▶ _Dataset extract_:

- - -

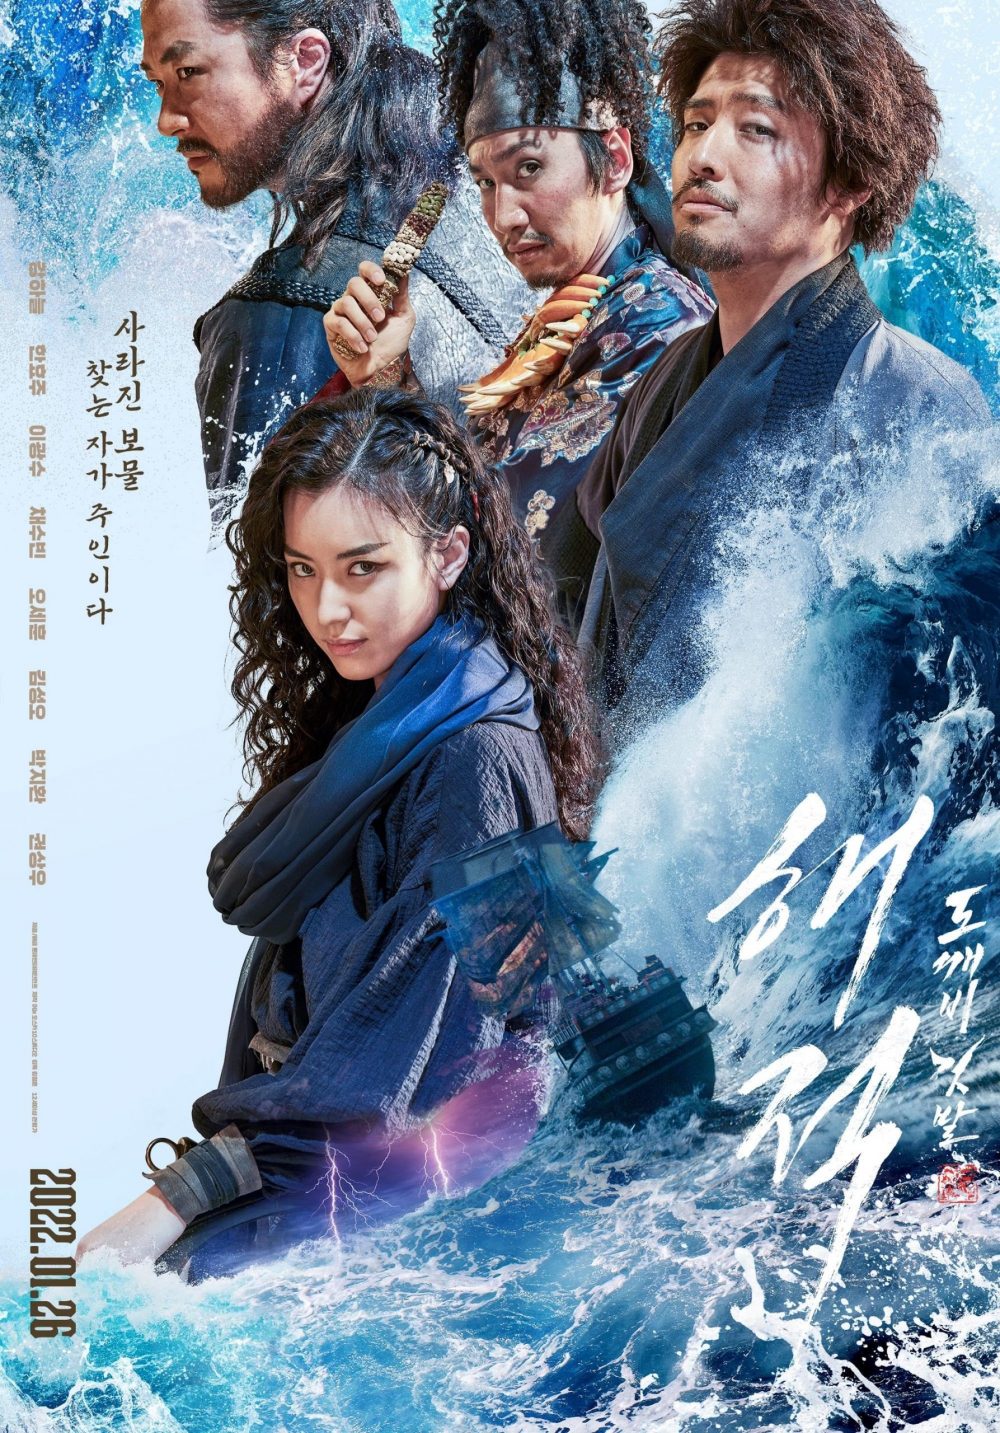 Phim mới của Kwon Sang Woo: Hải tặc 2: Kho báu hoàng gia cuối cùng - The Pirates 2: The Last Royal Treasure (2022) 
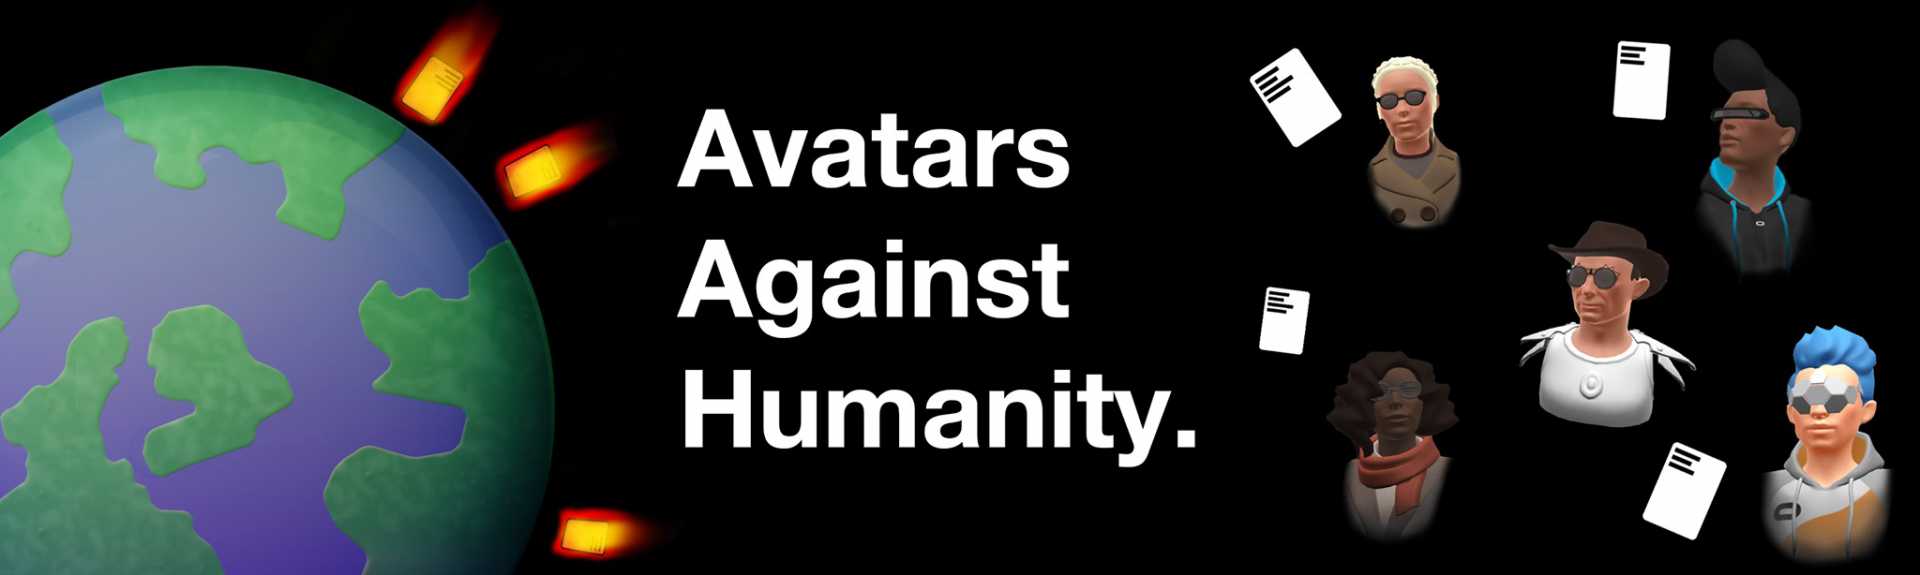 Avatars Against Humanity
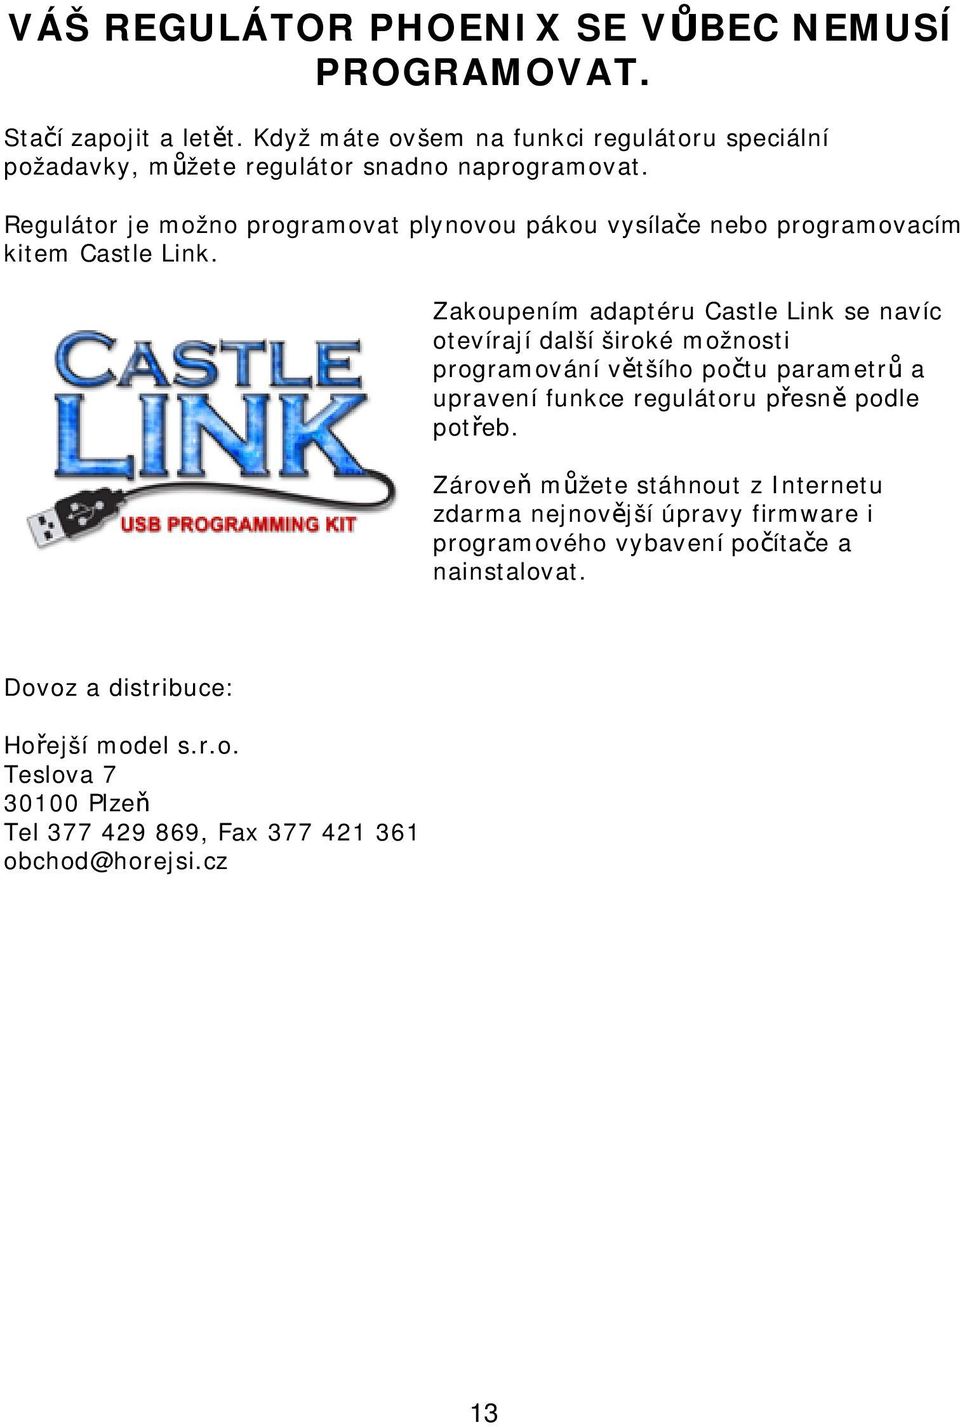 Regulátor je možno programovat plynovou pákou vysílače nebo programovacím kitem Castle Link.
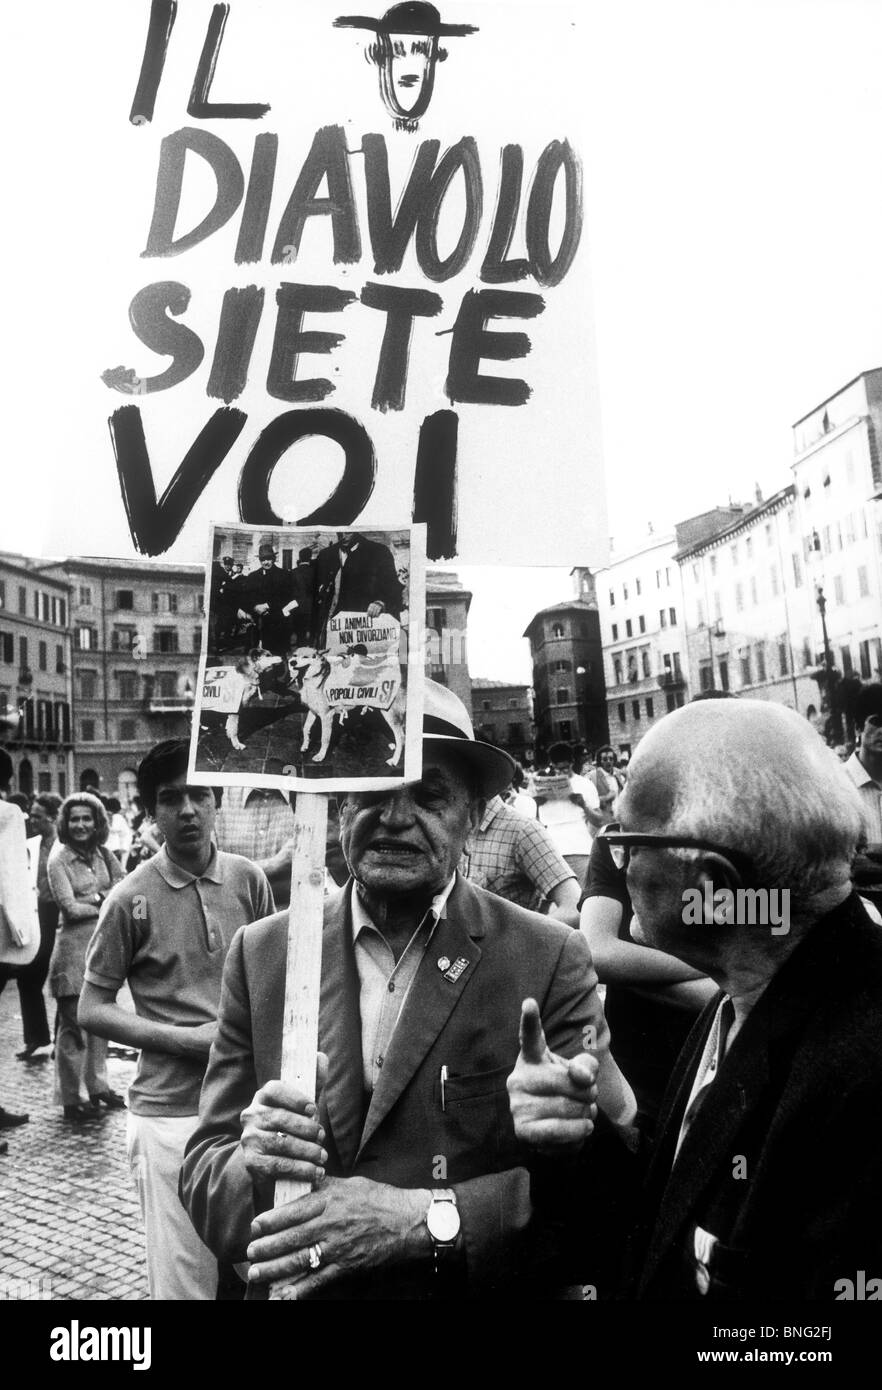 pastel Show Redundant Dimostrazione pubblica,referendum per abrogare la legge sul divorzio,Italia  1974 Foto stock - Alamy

- - -

▶ _Problem details_:
Beginning at the line with "Regulátor je možno" and ending at the last line of the listing above, retype each line exactly, including those two lines. Leave the pictures out.

▶ _Result of this exercise_:
 Regulátor je možno programovat plynovou pákou vysílače nebo programovacím kitem Castle Link.
 pastel Show Redundant Dimostrazione pubblica,referendum per abrogare la legge sul divorzio,Italia  1974 Foto stock - Alamy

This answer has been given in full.